JDASoftwareGroup / kartothek

A consistent table management library in python
https://kartothek.readthedocs.io/en/stable
MIT License
161 stars 53 forks source link

Inconsistent type of kwarg 'store' across write and update #61

Open kagharpure opened 5 years ago

kagharpure commented 5 years ago

The eager write functions appear to expect the argument supplied to store to directly be a store object, whereas the update function appears to expect a factory (python callable) - can it be standardized one way or another please?


   import numpy as np
   import pandas as pd
   from functools import partial
   from storefact import get_store_from_url
   from tempfile import TemporaryDirectory
   from kartothek.io.eager import store_dataframes_as_dataset
   from kartothek.io.eager import update_dataset_from_dataframes

   df = pd.DataFrame(
       {
           "A": 1.,
           "B": pd.Timestamp("20130102"),
           "C": pd.Series(1, index=list(range(4)), dtype="float32"),
           "D": np.array([3] * 4, dtype="int32"),
           "E": pd.Categorical(["test", "train", "test", "train"]),
           "F": "foo",
       }
   )

   dataset_dir = TemporaryDirectory()
   store = get_store_from_url(f"hfs://{dataset_dir.name}") 

   dm = store_dataframes_as_dataset(
      store, #store object works fine here  
      "a_unique_dataset_identifier", 
      df, 
      metadata_version=4
   )

   another_df = pd.DataFrame(
       {
           "A": 2.,
           "B": pd.Timestamp("20190604"),
           "C": pd.Series(2, index=list(range(4)), dtype="float32"),
           "D": np.array([6] * 4, dtype="int32"),
           "E": pd.Categorical(["test", "train", "test", "train"]),
           "F": "bar",
       }
   )

   store_factory = partial(get_store_from_url, f"hfs://{dataset_dir.name}")

   dm = update_dataset_from_dataframes(
       [another_df],
       store=store_factory, #but this needs to be a callable
       dataset_uuid="a_unique_dataset_identifier"
       )
   dm
fjetter commented 5 years ago

Usually kartothek expects proper store factories. We only make an exception for the eager implementation. We're using the utils._make_callable function https://github.com/JDASoftwareGroup/kartothek/blob/3f7344fc29dc154923dae81d5352fa34698f7059/kartothek/io_components/utils.py#L345 This is currently done for a few functions, e.g. https://github.com/JDASoftwareGroup/kartothek/blob/3f7344fc29dc154923dae81d5352fa34698f7059/kartothek/io/eager.py#L125

kagharpure commented 5 years ago

Thanks @fjetter. Out of curiosity and for the wider user-base, what's the reasoning behind the choice of store factories?
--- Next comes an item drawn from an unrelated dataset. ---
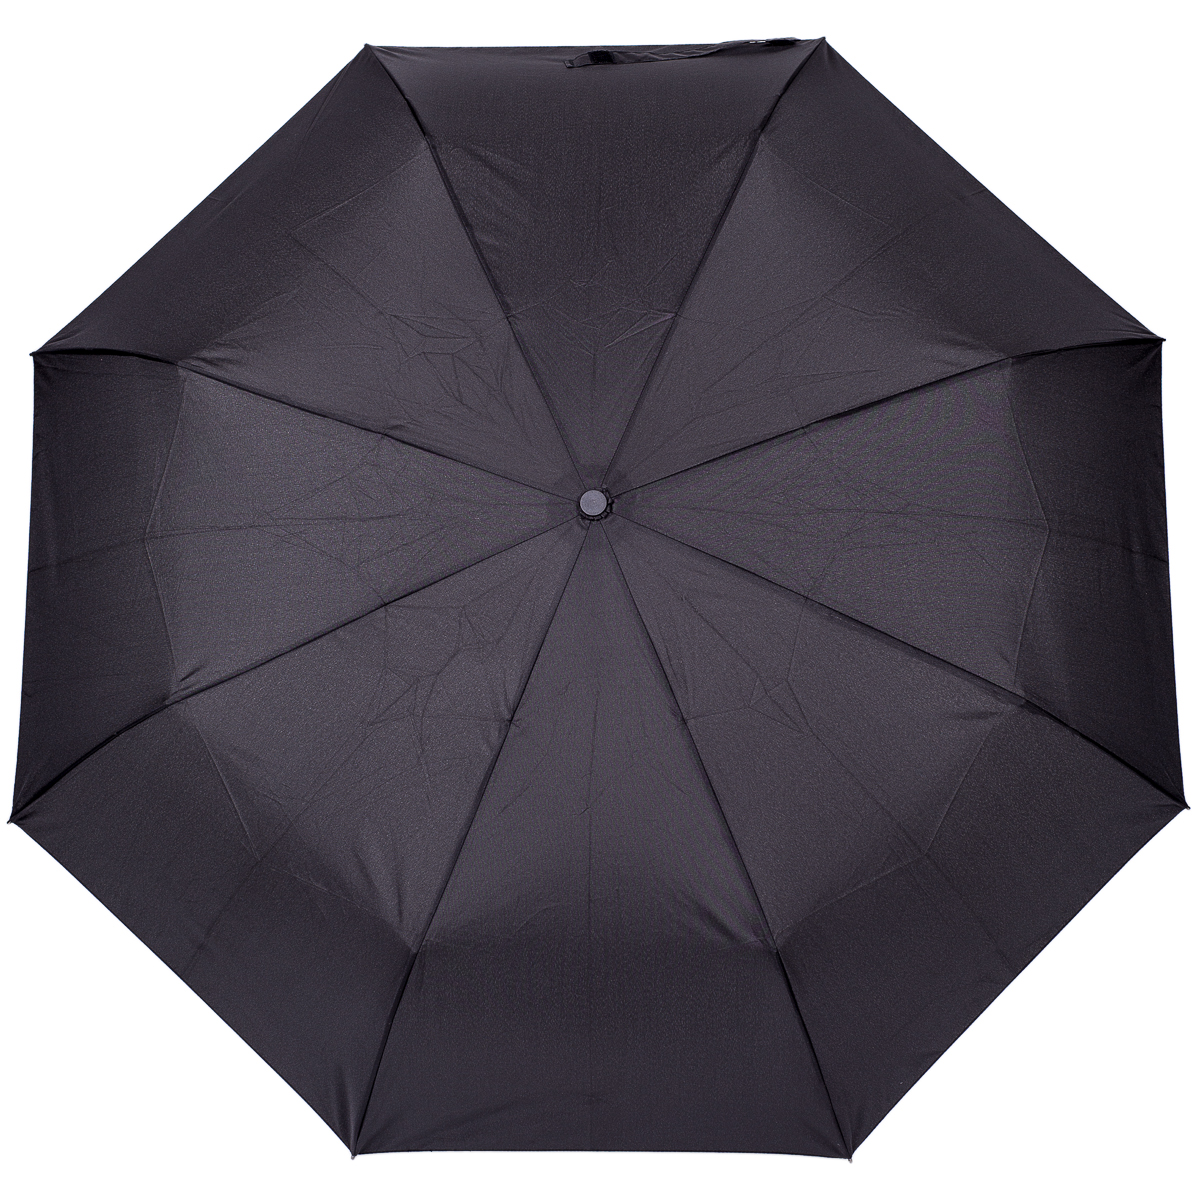 Зонт Stilla, механический, 3 сложения, цвет: черный. 795/black
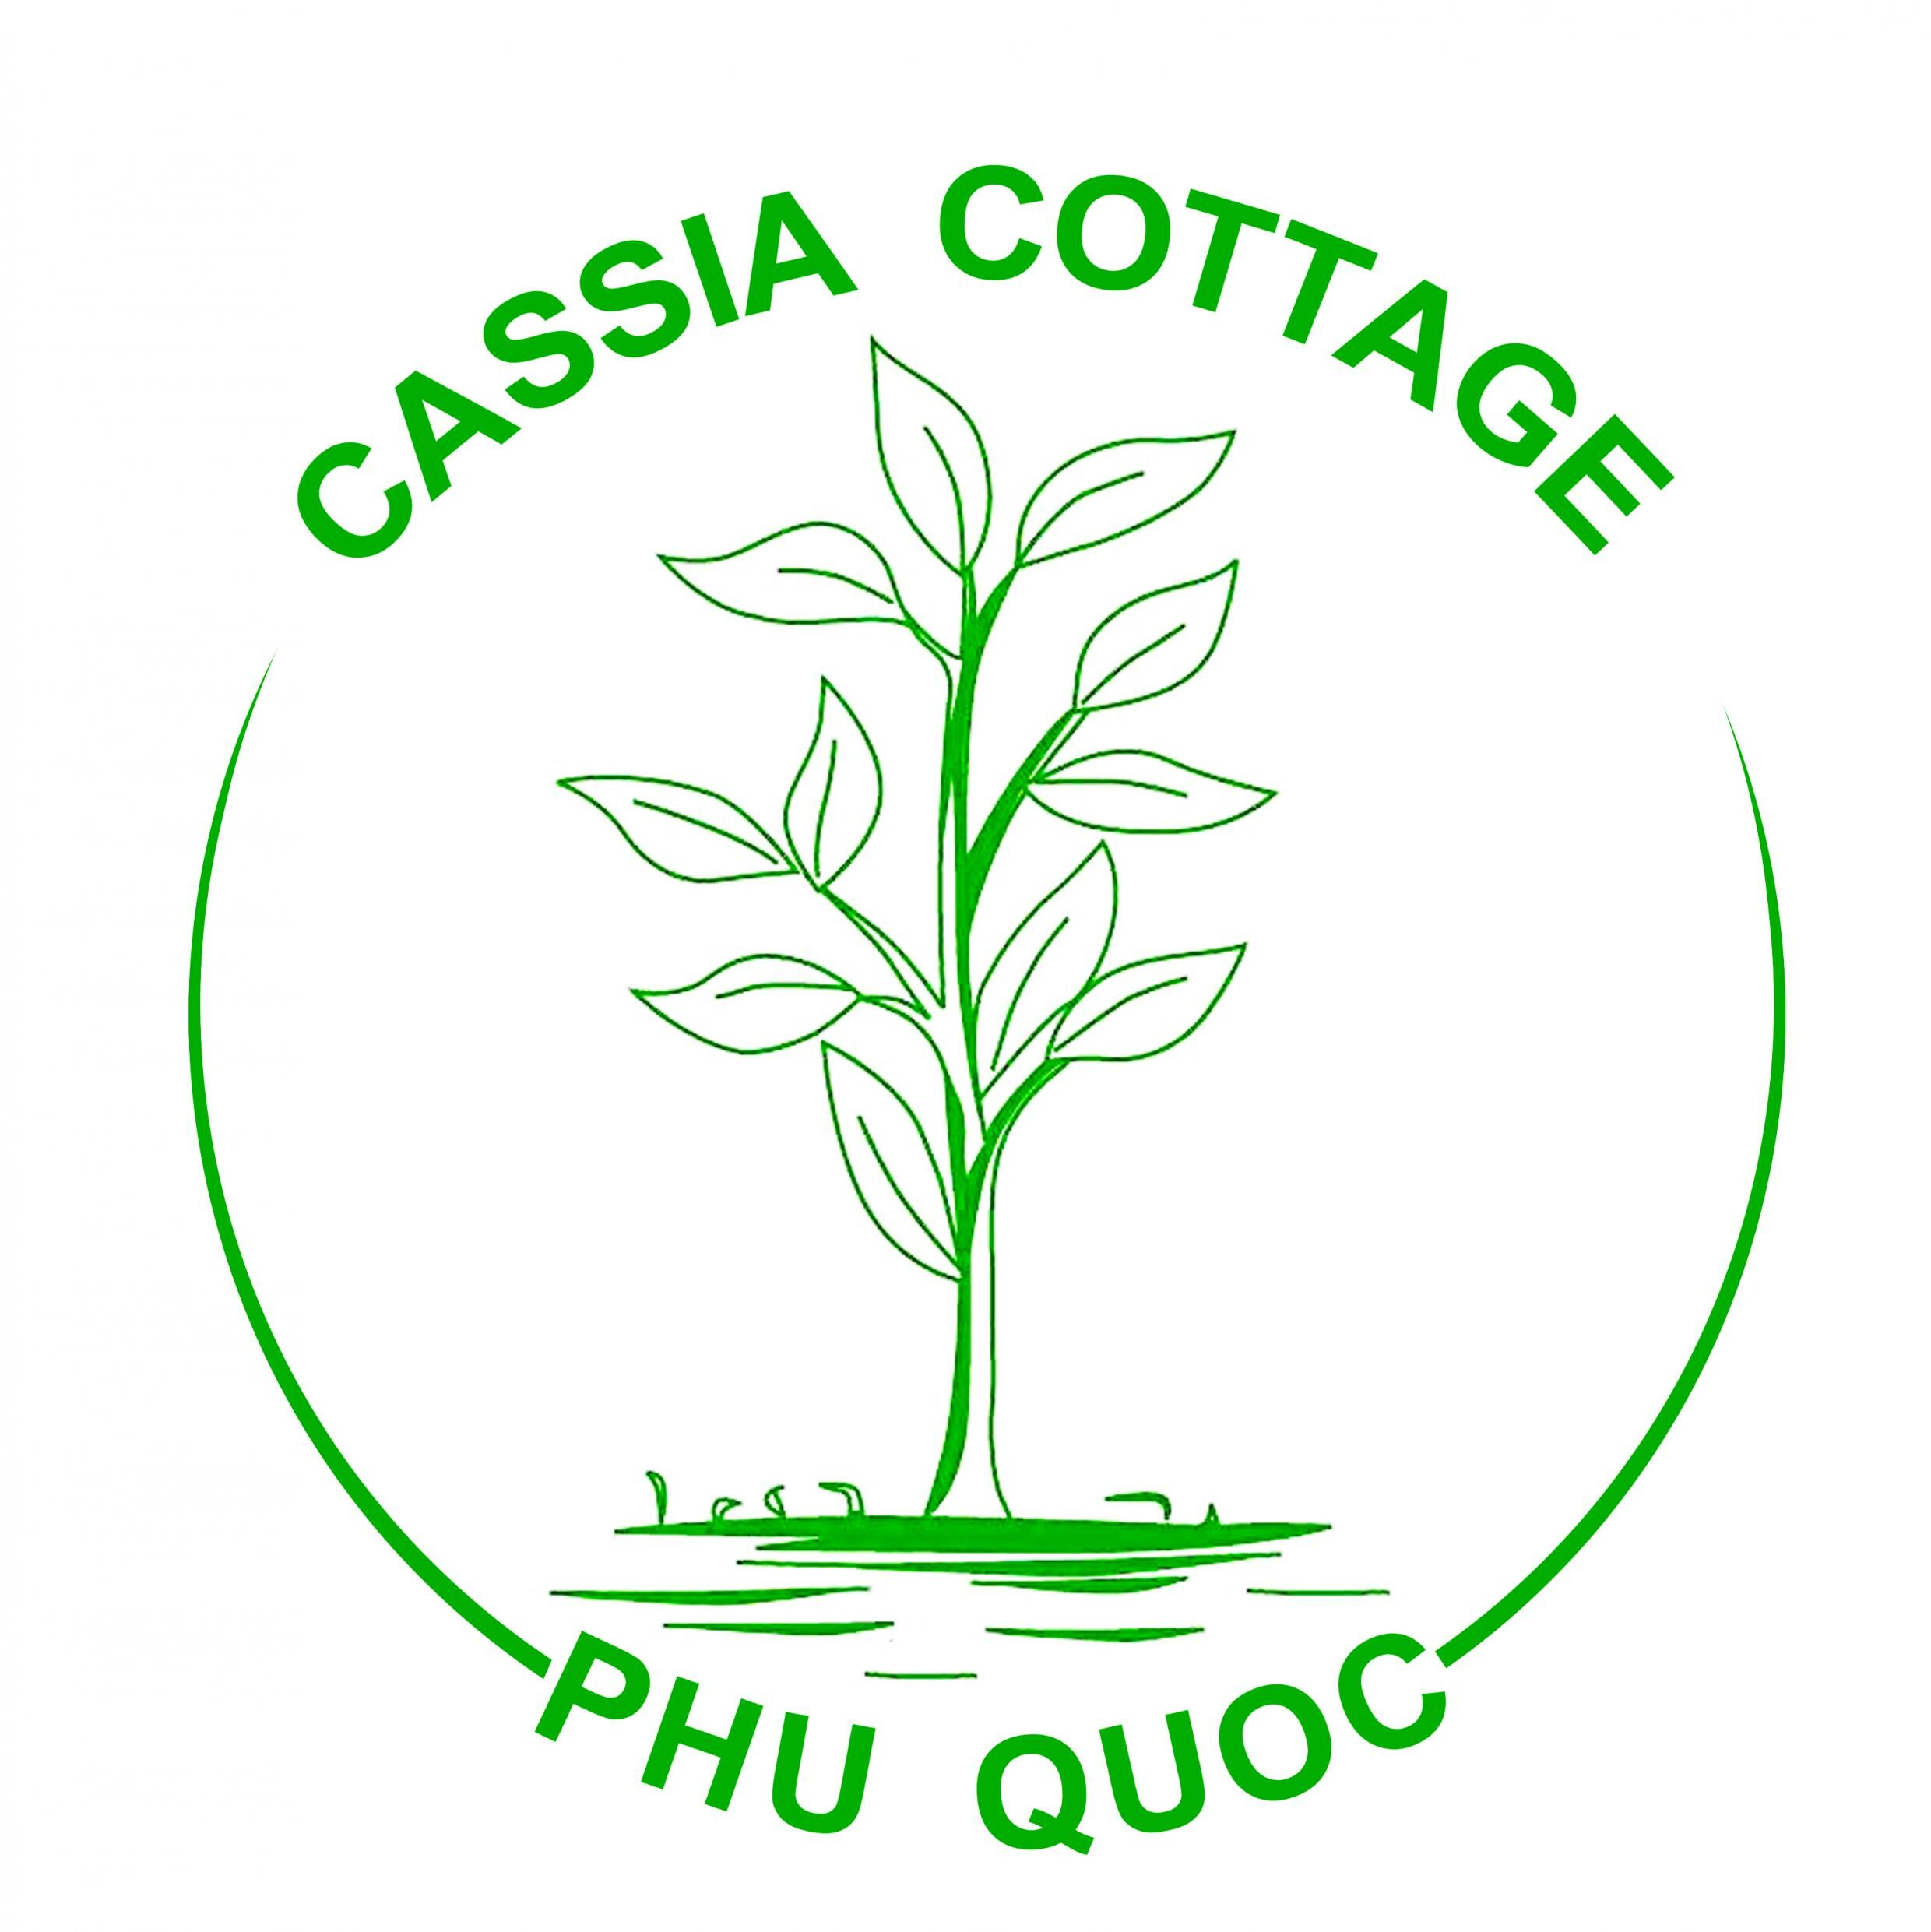 CÔNG TY CỔ PHẦN NHÀ TRANH - GIA VỊ (Cassia Cottage)

lr4d commented 5 years ago

@fjetter Why is an exception made for eager? A user would expect this to be consistent across back-ends

lr4d commented 5 years ago

eager's garbage_collect_dataset also assumes a callable. Admittedly, I implemented both these functions

xhochy commented 5 years ago

Thanks @fjetter. Out of curiosity and for the wider user-base, what's the reasoning behind the choice of store factories?

Store objects encapsulate connections to a storage service. In the methods that have a distributed computing backend, we pass the function arguments via pickle to the other workers. While pickle can preserve the state of the attributes of an object, the connections it holds are no longer valid / cannot be transferred between processes. Thus we pass callables so that on each worker a new connection can be instantiated.

fjetter commented 5 years ago

@lr4d We make an exception for eager for convenience since there is no network traffic involved and passing the store directly is safe. We're using the _make_callable function to ensure that nothing is pickled.

kagharpure commented 5 years ago

@xhochy, @fjetter - in light of your responses do the following follow-up actions sound good?

1) document the reasoning behind the choice somewhere appropriate (I'm thinking the getting started guide) 2) close this issue

lr4d commented 5 years ago

@kagharpure AFAIK we're passing a store factory in the getting started guide, so I would leave that as is to not confuse new users too much

kagharpure commented 5 years ago

@lr4d - Agreed. After posting that comment, I realized that there's already an issue (#44) that's about documenting store factories; so maybe adding a Gotchas document a bit further down the line will be a good idea, which can have a section on store factories and the reasoning behind them (as well as pitfalls, best practices, etc).